For Java code generation in demos 3 and 4, keeping the temperature low (between 0 and 0.3) prevents the model from inventing classes or method signatures that do not exist. For prompt engineering experiments in chapter 11, a slightly higher temperature (0.5 to 0.8) makes the differences between system prompts more visible.

4. Top-p and top-k — the two other sampling knobs

Section titled “4. Top-p and top-k — the two other sampling knobs”

temperature reshapes the probability distribution over candidate tokens. top_k and top_p cut that distribution before the model samples from it. They control which tokens are even allowed to be picked.

  • top_k: keep only the k most likely tokens at each step. top_k = 1 is equivalent to greedy decoding (always picks the most likely). top_k = 50 is permissive.
  • top_p (nucleus sampling): keep the smallest set of tokens whose cumulative probability adds up to p. top_p = 1.0 disables the filter; top_p = 0.9 keeps roughly the top of the distribution and discards the long tail.

In practice, top_p and top_k are used together with temperature, not instead of it.

Concrete examples: the same prompt under different sampling configurations

Prompt used: “In one short sentence, describe a forest at dawn.”

ConfigurationFilter appliedTypical outputComment
temperature=0, top_k=1Greedy — only the single most likely token”A forest at dawn is quiet and full of light.”Reproducible. Always the same answer.
temperature=0.8, top_k=10, top_p=0.9 (Ollama default)Top 10 tokens, capped at 90% cumulative probability”Mist drifts between the pines as the first sunlight catches the leaves.”Balanced — varied but stays on topic.
temperature=0.8, top_k=200, top_p=1.0Long tail of unlikely tokens allowed”The crisp dawn whispers cobalt threads through the bramble cathedral.”More creative — but starts producing unusual word combinations.
temperature=1.5, top_k=200, top_p=1.0High temperature + open filter”Forest dawn — pomegranate sky bleeding into the moss, an osprey’s vowel cracks.”Erratic. Often incoherent on long generations.
response = client.chat(
model=MODEL_NAME,
messages=messages,
options={
"temperature": 0.8,
"top_k": 40,
"top_p": 0.9,
},
)

Two practical rules:

  1. For deterministic outputs (code generation, tool calling, structured JSON), use temperature=0 and let top_k / top_p default values be irrelevant — temperature 0 already forces greedy choice.
  2. For controlled creativity, the standard recipe is temperature around 0.7–0.9 with top_p=0.9 and top_k between 20 and 50. Pushing top_p to 1.0 or top_k above 100 opens the door to unusual tokens — useful for brainstorming, dangerous for production output.

MythReality
”The LLM understands my request.”It predicts the most likely continuation of tokens. The understanding is an illusion produced by the large training corpus.
”Bigger is always better.”Not always. A 3B model well-tuned for code sometimes beats a generalist 14B. Specialisation matters.
”It knows that 2 + 2 = 4.”It has seen 2 + 2 = 4 many times in the corpus. For 12345 × 67, it can get it wrong: that’s a rare text.
”It has internet access.”No. Unless a tool is explicitly wired up, it only has what it learned during training.
”It remembers yesterday’s conversation.”No. At every API call, we resend the full history in the messages parameter. No history = no memory.

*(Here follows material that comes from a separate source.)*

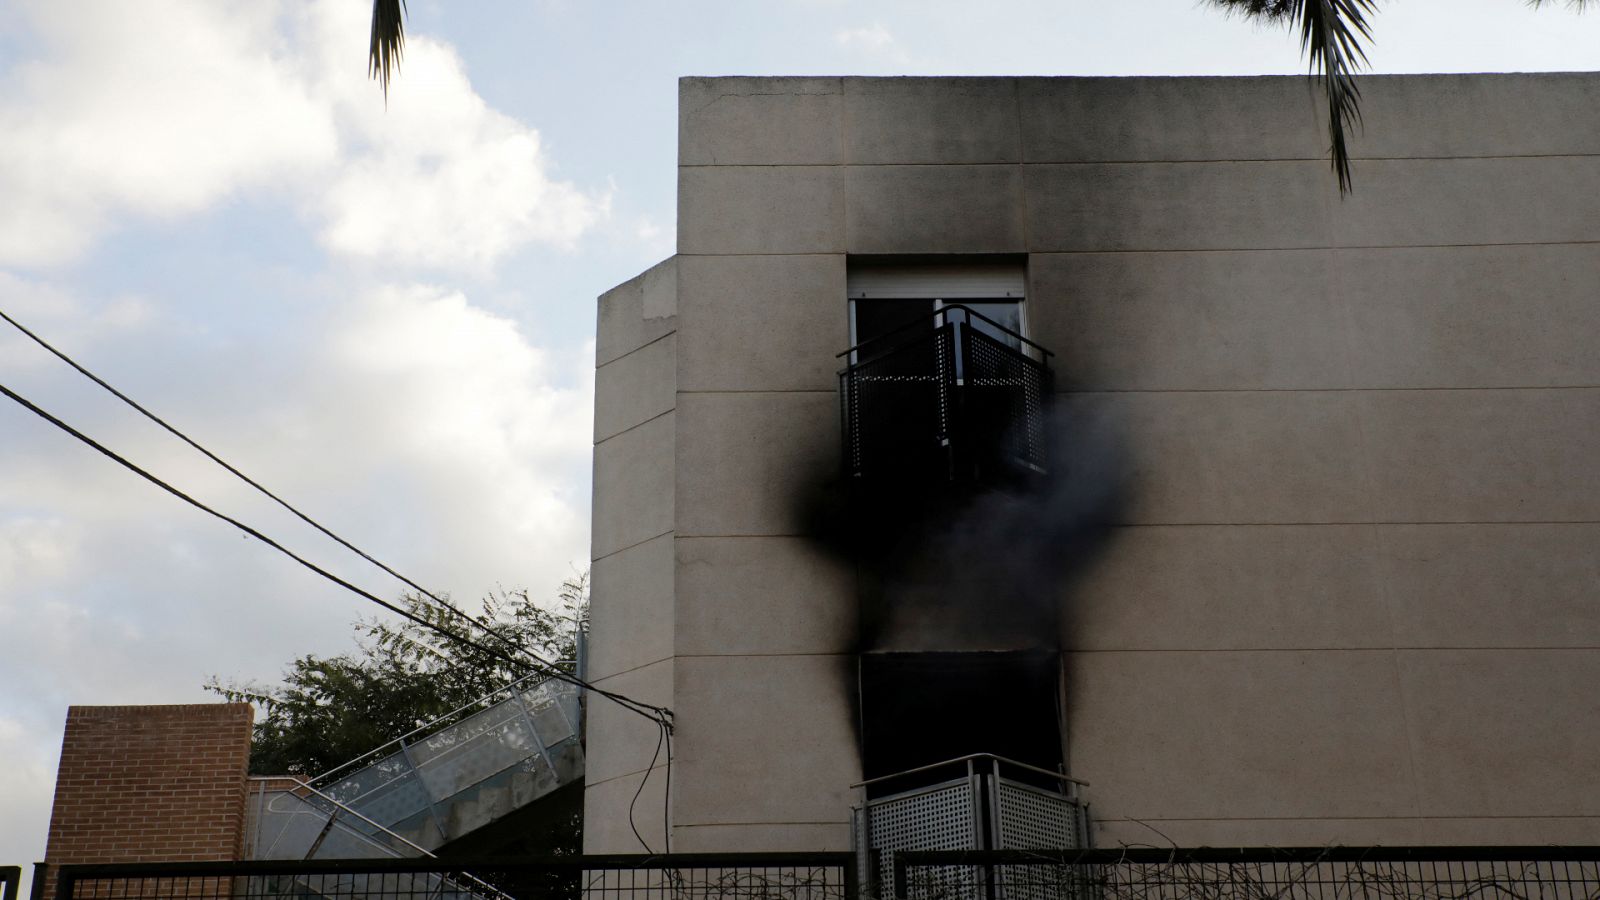 14 horas - Un cortocircuito podría haber sido la causa del incendio en la residencia de mayores de Moncada - Escuchar ahora

A model like llama3.1:8b you download via Ollama is actually a model that has been fine-tuned to follow instructions. The base Llama 3.1 family was trained to predict the continuation of Wikipedia, GitHub code, etc. Then Meta re-trained it on (human instruction, good answer) pairs so it behaves like an assistant.

Part of this fine-tuning is the tool-calling capability (chapter 03): the model is taught that when a developer gives it a list of tools, it should reply with a structured JSON describing the call to make, rather than generating free text. Not all models can do this: that’s what makes the choice of model critical (chapter 05).


  • An LLM = next-token predictor, nothing more, nothing less.
  • Three important parameters: size (in billions of weights), context window (num_ctx), temperature.
  • No memory between two calls: the Python code resends the history at every turn.
  • No system access: it generates text, period. That’s what we fix in the next chapter.
  • Not all models are fine-tuned for tool calling. Keep that in mind for chapter 05.